Mind you my chi girl was that chubby when she was little. Now she looks like a mini whippet!


----------



## GSDlover4ever (Feb 21, 2009)

awwww when do you get him?

bet your all exited!


----------



## dexter (Nov 29, 2008)

slbrown2108 said:


> awww how cute what a size are they teacup bred chi's


Slb . not wanting to cause outcry., but no such thing as a teacup.


----------



## Darkstitch (Feb 17, 2010)

Awww how cute!  I've never seen a baby chi before


----------



## Twinkie23 (Jun 14, 2010)

He is fat. Chunky, chubby, whatever ya wanna call it. Hes a PIG. Very healthy appetite on this boy. lol. Plus hes fluffy, so it makes him look even bigger, lol. Hes got some short legs on him like his mama. 

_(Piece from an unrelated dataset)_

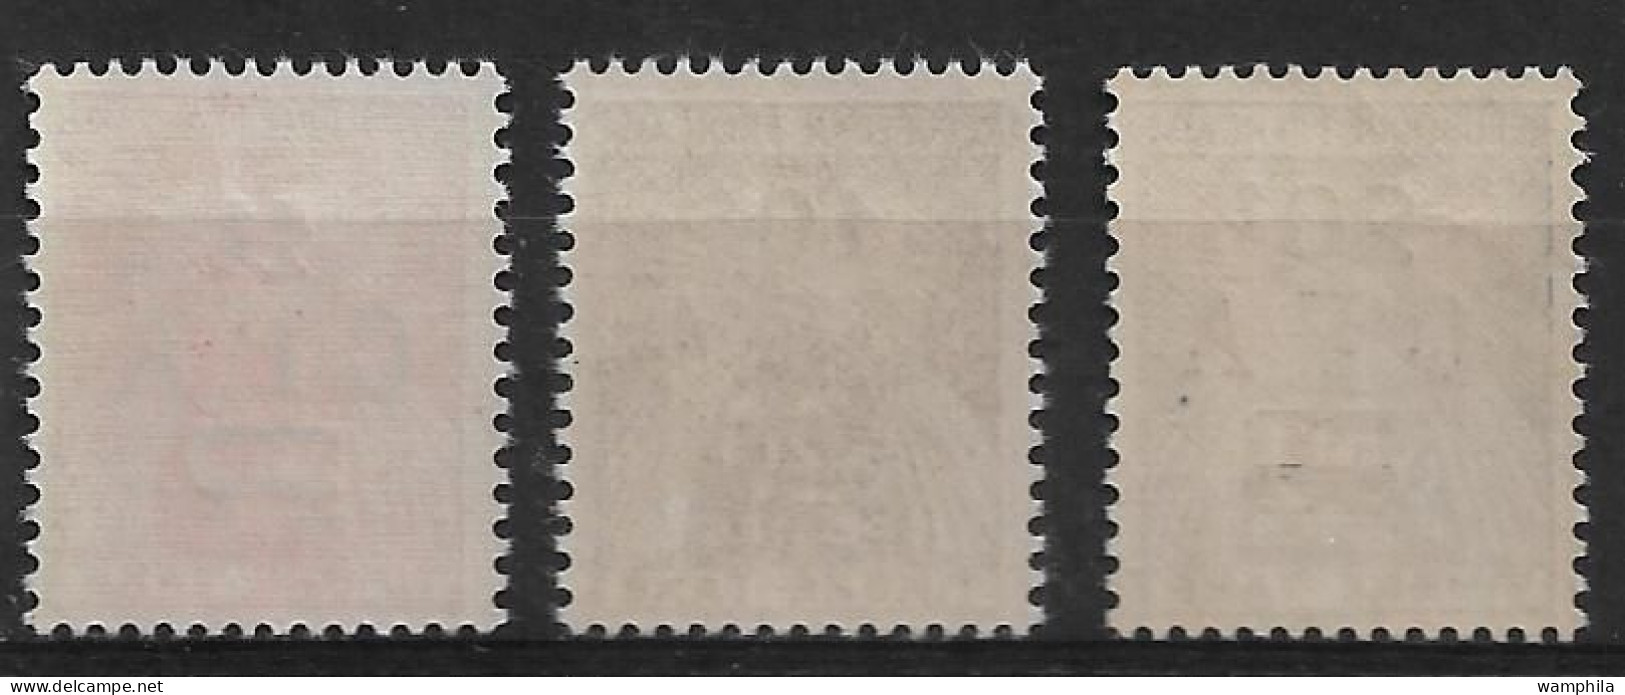 Réunion 1949/50 Taxe N°45/47** Cote 37€ - Postage Due

There is no such thing as a tea cup. Chihuahuas can be anywhere from 2 to 6 pounds, within breed standard. The sire is 3 pounds and the dam is 6. He should mature around 4 pounds. 

I melt every time I see him, hes so cute.


----------



## colliemerles (Nov 2, 2007)

he really is cute,

so sad the litter mate didnt make it.


----------